Infrastructure projects are moving forward also in the neighborhood. Croats and Turks have signed an important contract, expecting a kilometer of modern two-lane railway line a month, while seven stations and stops and seven bridges will be reconstructed, 25 kilometers of noise protection walls will be built... The situation is similar in Montenegro. The important capital investments of the Government of Montenegro are underway, despite the difficulties caused by the coronavirus pandemic. The Public Works Administration currently has about 20 active construction sites. In order to prevent the spread of the coronaviruses, construction site workers are complying with all recommendations and measures adopted by the authorities in recent days, including social distancing and protective equipment (masks, gloves). The COVID-19 pandemic has reached the Slovenian construction industry in a good shape. New construction contracts strengthened in H2 2019, resulting in some of the fastest growth of construction in early 2020 in the whole EU. The activity continued into March 2020 even though the lockdown measures were already implemented. However, a decline is expected as halting construction works are affecting the entire sector:
There are some disruptions in the supply of materials as some manufacturers have stopped production and others have reduced production.

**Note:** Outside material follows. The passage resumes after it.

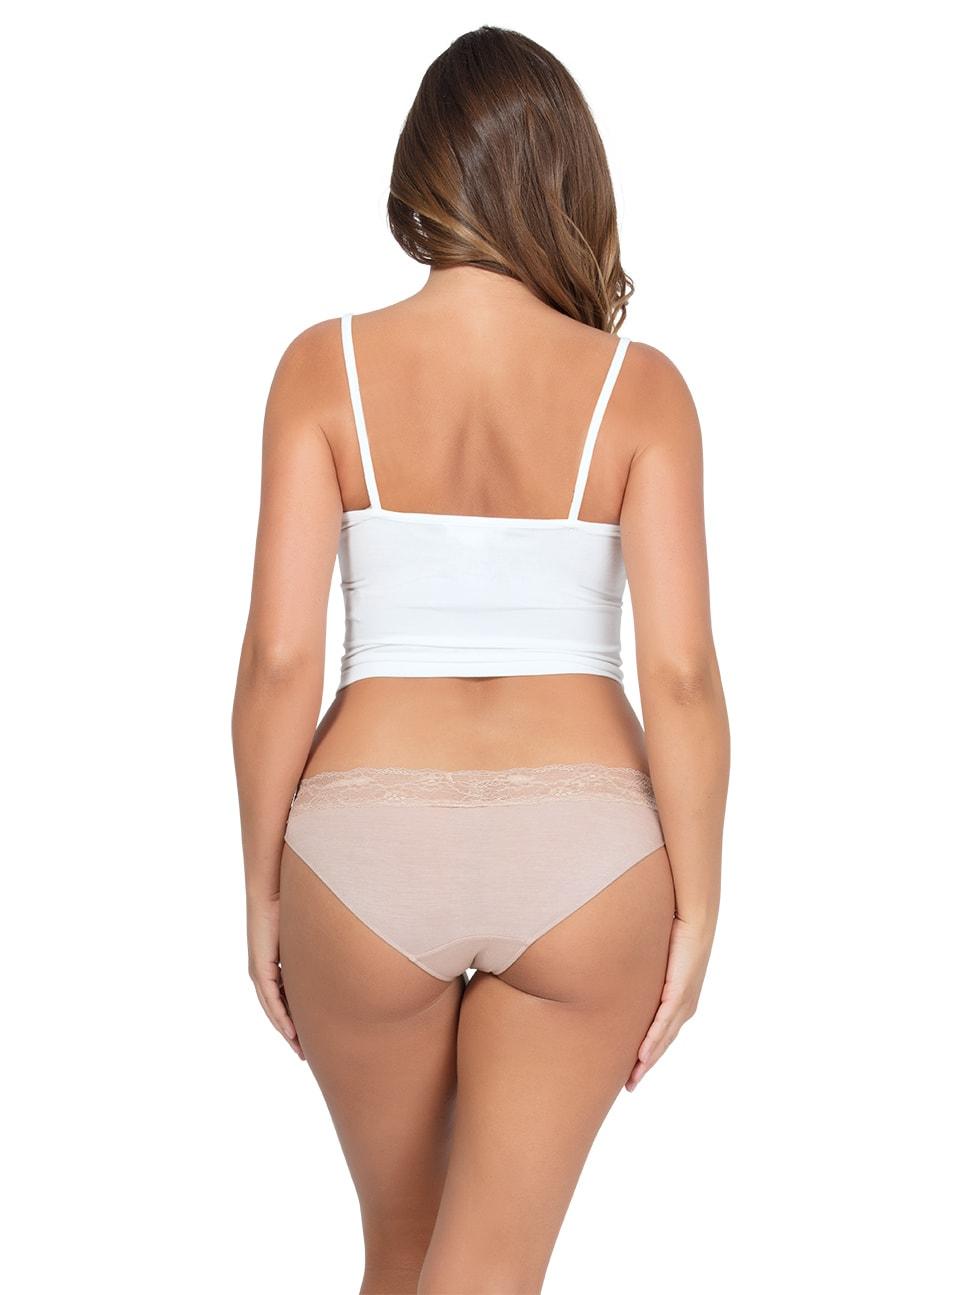 PARFAIT ParfaitPanty SoEssential BikiniPP303 Bare Back2 copy - Panty So Essential Bikini- Bare - PP303

Construction work is being done less intensively mainly because of measures to protect workers.
Some foreign contractors have problems mainly with the logistics of their workers on projects in Slovenia.
Yet, the construction industry has been relatively less affected than some other industries (like tourism) as most large projects continue even during the lockdown measures. The concern is the absence of real estate contracts as the risk of making long-term investment decisions has also increased.
Economic damage to construction segments will crucially depend on the duration of the crisis and the uncertainty it brings. According to some estimates, the short-term crisis is expected to result in a 5% drop in GDP. First indications that the return to the normal operation of the Slovenian economy is near were the announcements that several lockdown measures were to be relaxed by the end of April 2020. However, the actual fall of the economic activity will depend on the effectiveness of the state's actions, where Slovenian politicians have promised one of the largest stimulus packages in the EU – estimated at more than 6% of its GDP - but they will have to be implemented in an effective way.